Quantum algorithms save time in calculating electron dynamics

Researchers investigated the ability of known quantum computing algorithms for fault-tolerant quantum computing to simulate the laser-driven electronic dynamics of excitation and ionization processes in small molecules. Their research is published in the Journal of Chemical Theory and Computation.

“These quantum computer algorithms were originally developed in a completely different context. We used them here for the first time to calculate the electronic densities of molecules, in particular their dynamic evolution after excitation by a light pulse”, explains Annika Bande, who leads a group in theoretical chemistry at the Helmholtz Association of German Research Centers (HZB). Bande and Fabian Langkabel, who is doing her doctorate with her, show in the study how well it works.

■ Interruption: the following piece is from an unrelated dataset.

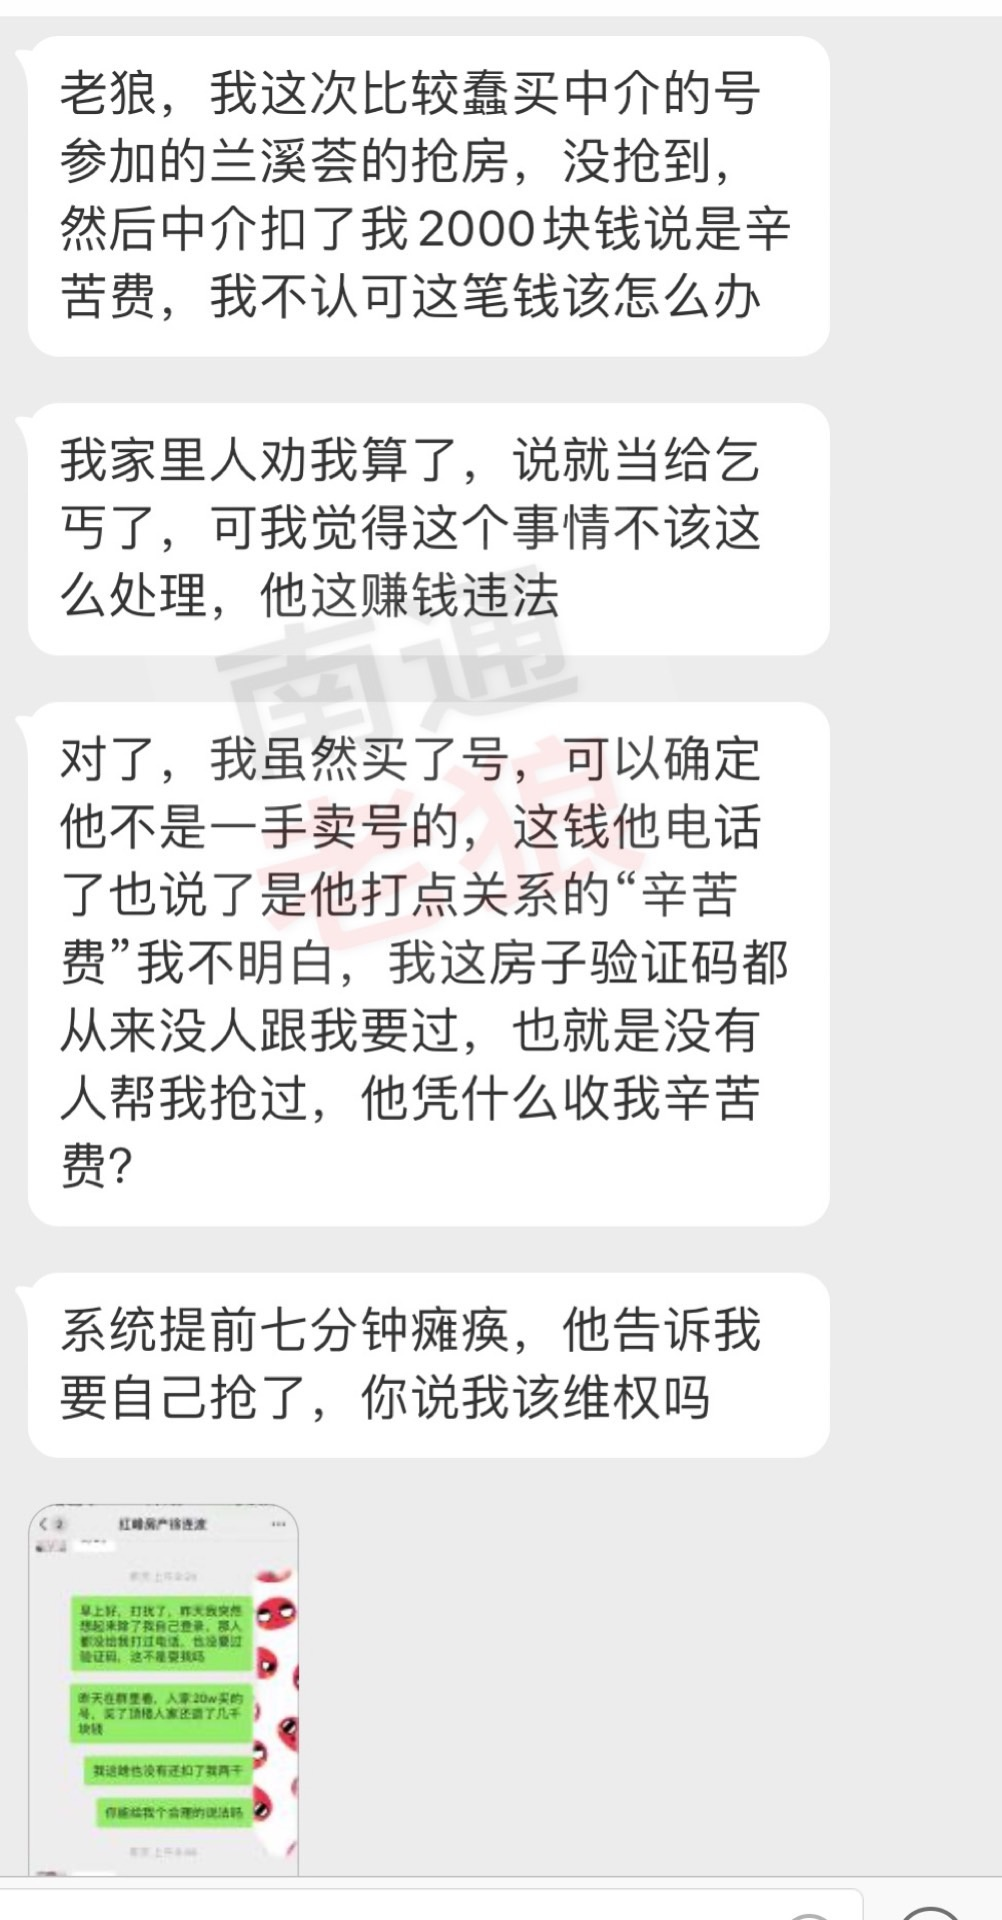 网友:在寒风中,拥挤在兰溪荟锁资摇号大军里的,绝不都是炒房客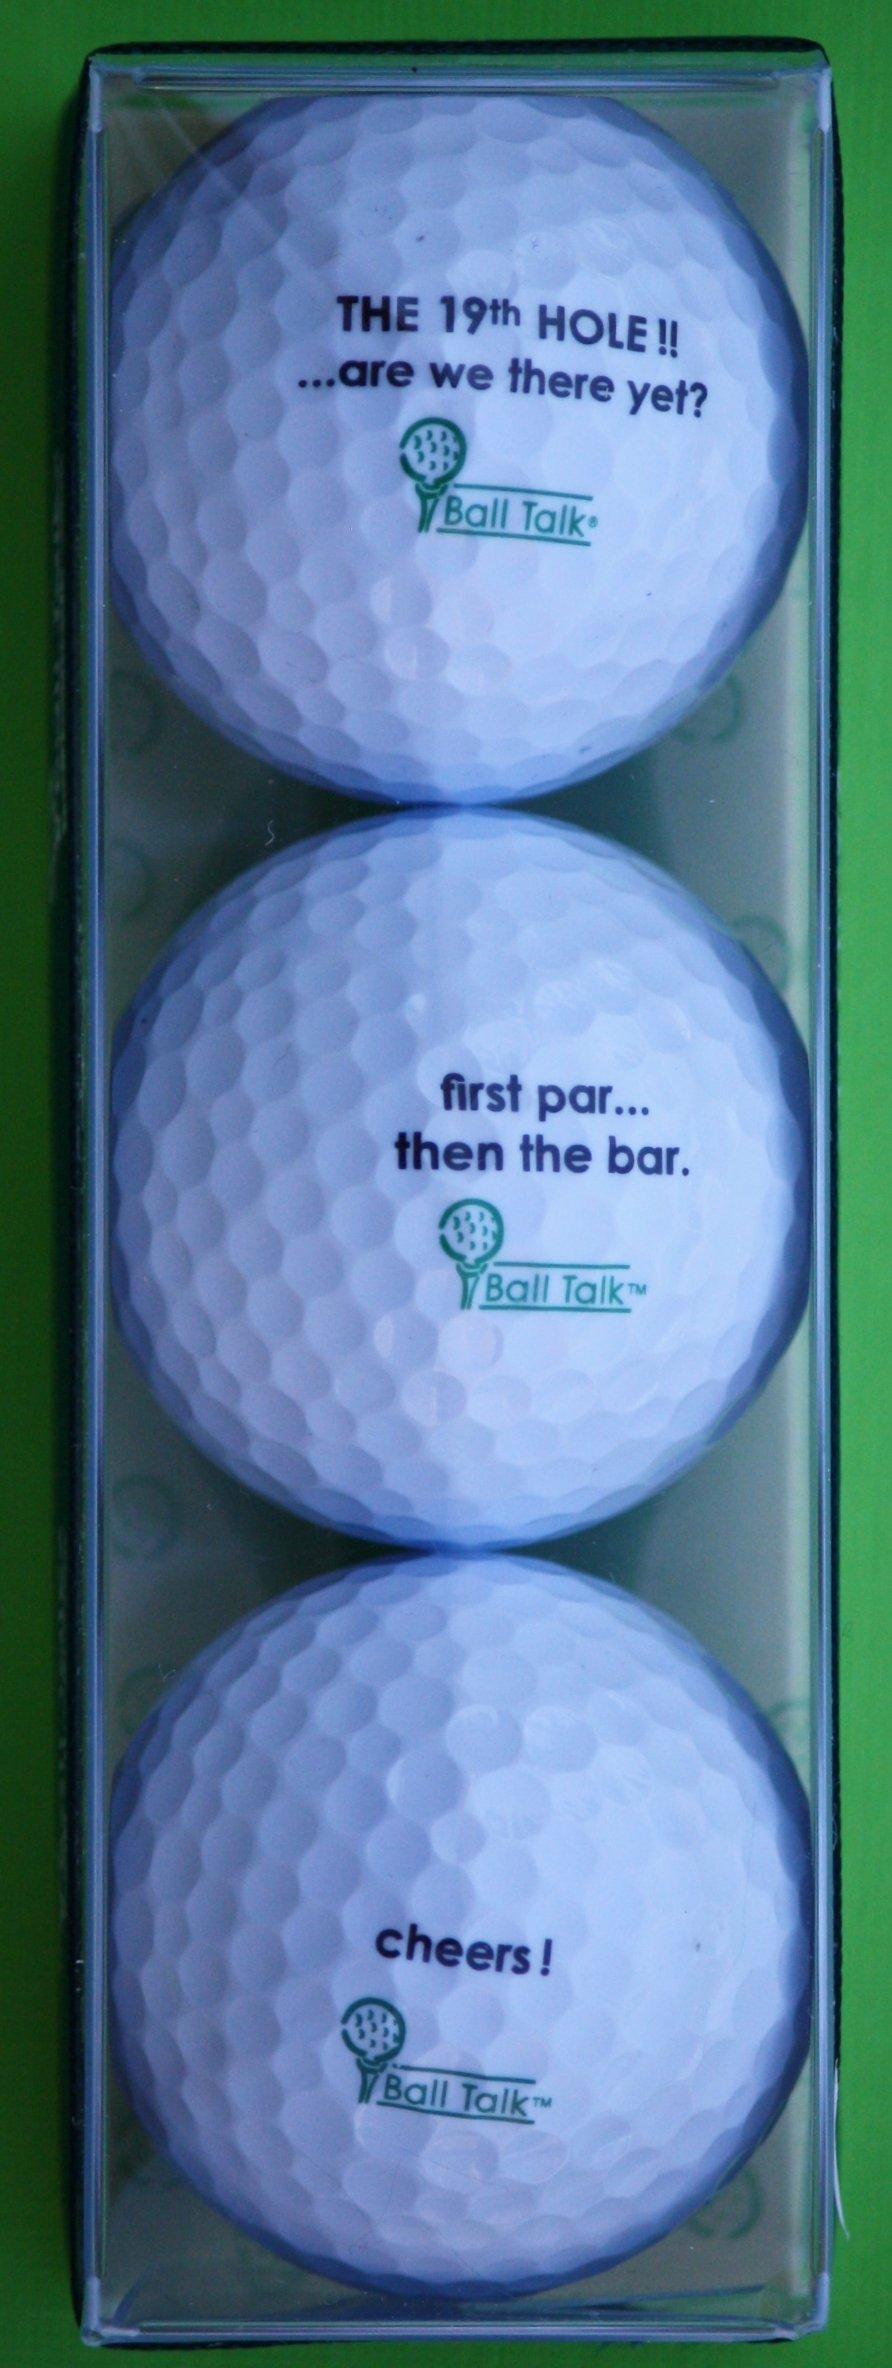 BallTalk Golf Balls - Clubbing Series 3-ball Pack containing 3 Different BallTalk Golf Balls

“We developed an algorithm for a fictional, completely error-free quantum computer and ran it on a classical server simulating a ten-qubit quantum computer,” says Langkabel. The scientists limited their study to smaller molecules so that they could perform the calculations without a real quantum computer and compare them to classical calculations.

The quantum algorithms produced the expected results. Unlike conventional calculations; however, quantum algorithms are also suitable for calculating much larger molecules with future quantum computers.

“It has to do with computation times. They increase with the number of atoms that make up the molecule,” says Langkabel. While computation time multiplies with each additional atom for classical methods, this is not the case for quantum algorithms, making them much faster.

Photocatalysis, light reception and more

The study thus shows a new way of calculating the densities of electrons and their “response” to light excitations in advance, with a very high spatial and temporal resolution. This makes it possible, for example, to simulate and understand ultrafast decay processes, which are also crucial in quantum computers made of so-called quantum dots.

In addition, predictions about the physical or chemical behavior of molecules are possible, for example during the absorption of light and the subsequent transfer of electrical charges.

This could facilitate the development of photocatalysts for the production of green hydrogen with sunlight or help understand processes in light-sensitive receptor molecules in the eye.